Les « branches artisanales connexes » couvrent les corps de métier du chantier — couvreurs, façadiers, charpentiers, paysagistes selon leur activité — le critère décisif restant l'« activité normale sur les chantiers » : une menuiserie d'atelier n'y entre pas, ses poseurs sur chantier si.
Questions fréquentes
Conditions d’exercice
L'accès au régime se teste en trois questions.
| Question | Critère |
|---|---|
| Secteur | Bâtiment, génie civil ou branche artisanale connexe |
| Lieu de travail habituel | Activité normale déroulée sur les chantiers |
| Cause des heures perdues | Effet direct et immédiat des intempéries (art. L.531-2) |
| Extension réglementaire | Autres secteurs par RGD en cas d'intempéries exceptionnelles |
| Extension individuelle | Décision ministérielle pour des entreprises déterminées, chômage résultant immédiatement d'intempéries |
| Salariés couverts | Salariés et apprentis remplissant les conditions de l'article L.533-1 |
Modalités pratiques
Le régime se distingue du chômage partiel sur toute la ligne.
| Paramètre | Chômage-intempéries | Rappel chômage partiel |
|---|---|---|
| Guichet | ADEM directement | Comité de conjoncture |
| Temporalité | Déclaration le jour ouvrable suivant l'arrêt | Demande avant le 12 du mois précédent |
| Condition économique | Aucune — la météo suffit | Difficultés économiques démontrées |
| Apprentis | Couverts | Exclus |
| Plafond annuel | 350 heures par salarié (majorables à 500) | 1 022 heures |
| Franchises | 8 heures avant tout droit du salarié (art. L.533-9), puis tranche de 16 heures à charge de l'employeur (art. L.533-13) | Aucune |
| Forclusion remboursement | 12 mois | 2 mois |
Pratiques et recommandations
Les entreprises mixtes — atelier et chantiers — cartographient leurs effectifs une fois pour toutes : les équipes de pose relèvent du régime, l'atelier n'en relève pas, et les décomptes doivent suivre cette ligne salariat par salariat. Un menuisier d'atelier glissé dans une déclaration d'intempéries est l'erreur type que le contrôle des décomptes relève.
Pour les entreprises hors secteur frappées par un épisode climatique — un restaurant de terrasse sous les orages, un logisticien sous la neige —, la voie du paragraphe 3 existe mais reste une décision ministérielle au cas par cas : la demande se motive sur le lien immédiat entre l'intempérie et l'arrêt. Pour un sinistre matériel — inondation des locaux —, c'est le chômage accidentel ou technique qui s'applique, pas les intempéries.

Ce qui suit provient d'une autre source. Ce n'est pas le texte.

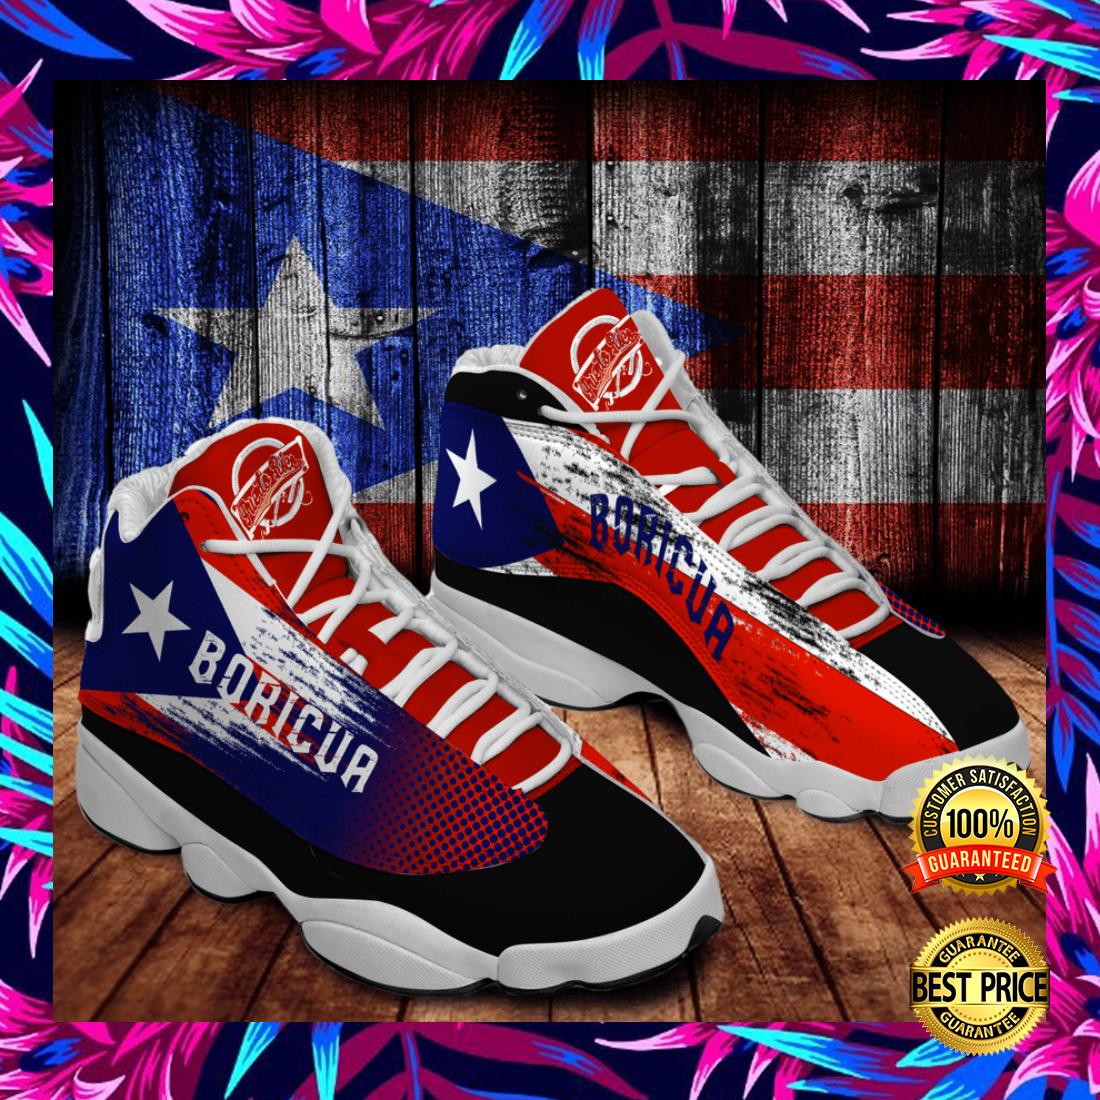 Personalized Puerto Rico flag Jordan 13 shoes 5

La convention collective du bâtiment ajoute sa couche : congé collectif d'hiver, régimes conventionnels de salaire d'intempéries — le régime légal s'articule avec ces règles sectorielles, et la CCT du bâtiment se consulte en parallèle du Code pour les entreprises couvertes.
Cadre juridique
| Référence | Objet |
|---|---|
| Art. L.531-1 (1) du Code du travail | Champ : bâtiment, génie civil, branches connexes, activité sur chantiers ; salariés et apprentis |
| Art. L.531-1 (2) du Code du travail | Extension par règlement grand-ducal à d'autres secteurs |
| Art. L.531-1 (3) du Code du travail | Extension ministérielle à des entreprises déterminées |
| Art. L.533-1 du Code du travail | Conditions individuelles des salariés admis |
Note
Le régime des intempéries s'applique aussi aux salariés occupés à des travaux extraordinaires d'intérêt général (art. L.511-26) — un renvoi qui rappelle la parenté des dispositifs du Livre V : partout, l'employeur avance et le Fonds pour l'emploi rembourse.